Section 3 – Composition, succession and evaluation
Section 3 comprises three Principles and seven Provisions, with new emphasis on diversity in the 2018 Code. The FRC had asked for views on encouraging companies to report on levels of ethnicity in their executive pipelines. In light of feedback, the FRC has not added a new reporting requirement to the 2018 Code in relation to this but the Guidance encourages companies to think about providing more information about different aspects of diversity in their workforce, other than gender.
Other points to note in relation to Section 3 include the following
- As well as requiring boards and their committees to have a combination of skills, experience and knowledge, Principle K now requires consideration of the length of service of the board as a whole, so as to link with the requirement in Principle L to consider each director’s contribution as part of the board evaluation.
- Provision 19 is a new Provision concerning the chair’s tenure. It states that the chair should not remain in office for more than nine years from their first appointment to the board, and where a non-executive director is appointed as chair, time served in that capacity will count towards the nine year period. Provision 19 does permit a limited extension if the chair was previously a board member, the appointment supports the company’s succession plan and its diversity policy, and a clear explanation is provided. However, the FRC does state in the feedback statement that it would not, in normal circumstances, expect either an independent non-executive director or chair to be on a board for more than nine years in total, including in those circumstances where an independent non-executive goes on to be the chair.
- Provision 21 includes requirements in relation to external board evaluations. Wording has been added to encourage all chairs, including those of smaller companies, to consider using externally facilitated board evaluations (and, as now FTSE 350 companies should have one at least every three years), but it is still not an absolute requirement for smaller companies (those below the FTSE 350) to have an external board evaluation.
- Provision 23 sets out some of the matters to be reported on by the nomination committee. If the company has undertaken an external board evaluation, the nomination committee will in future have to report on “the nature and extent of an external evaluator’s contact with the board and individual directors” to address the concern that contact may be limited to questionnaires and not interviews with directors or attendance at board meetings.
- The requirement in Provision 23 for the nomination committee to report on diversity matters now more closely mirrors the diversity reporting requirements in the FCA’s Disclosure Guidance and Transparency Rules (DTRs), and the gender balance of those in the company’s senior management and their direct reports should also be included in the nomination committee’s report. The FRC defines “senior managers” as the executive committee or first layer of management below board level, including the company secretary.

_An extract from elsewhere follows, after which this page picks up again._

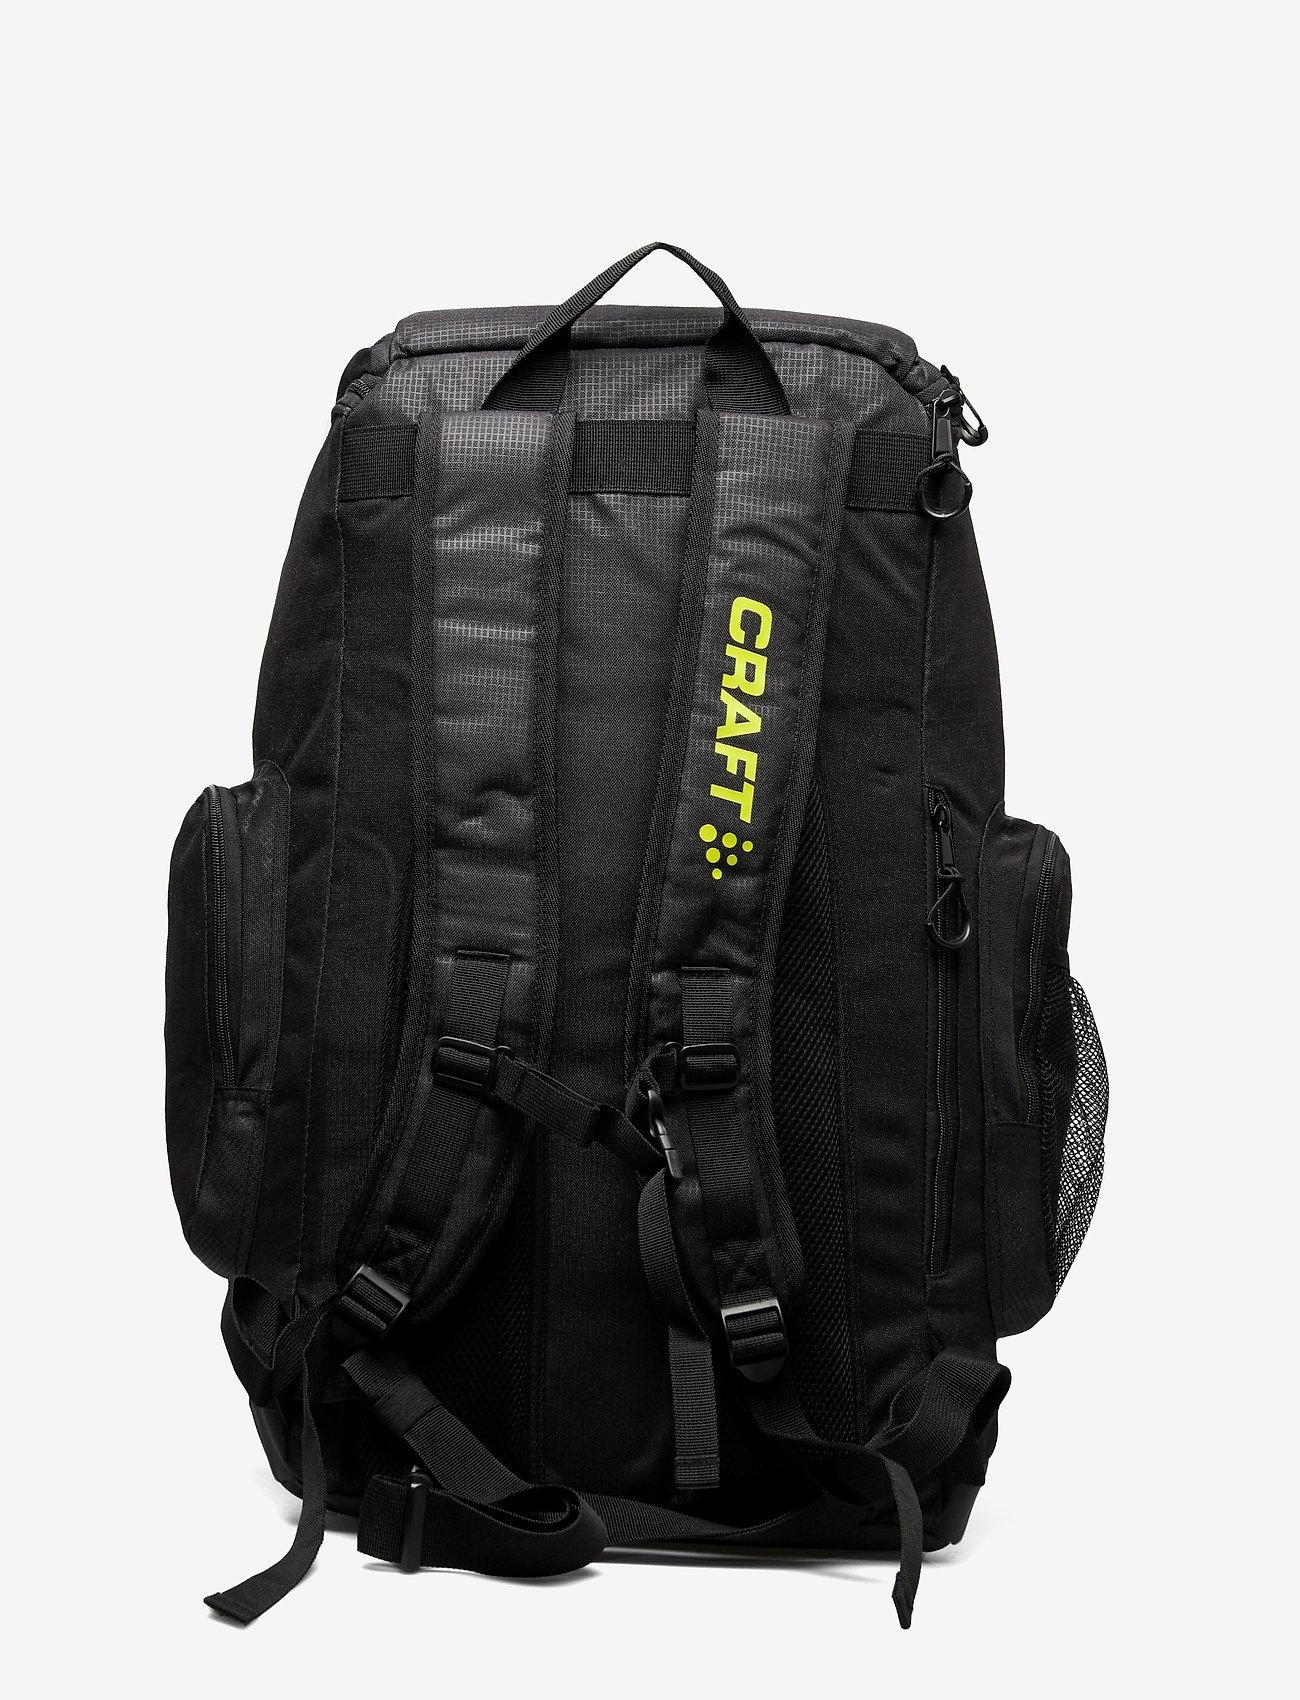 Craft - TRANSIT EQUIPMENT BAG 65 L - racketsporttassen - black - 1

It notes in the Feedback Statement that, given the requirement in the CA 2006 for quoted companies to include the gender breakdown of senior managers in their strategic report, there could be duplication of information in annual reports, but the FRC encourages companies to think about how they can avoid duplication, possibly using signposting or aligning definitions.
Section 4 – Audit, risk and internal control
This section comprises three Principles and eight Provisions and largely replicates the requirements in Section C of the 2016 Code. The section duplicates requirements in the Listing Rules, the DTRs and the CA 2006 but a majority of respondents to the consultation confirmed that this is the right approach and the FRC has reintroduced some elements missing from the 2016 Code. As a result, there are some additional references to risk and emerging risks in the 2018 Code and the Guidance discusses risk in some detail.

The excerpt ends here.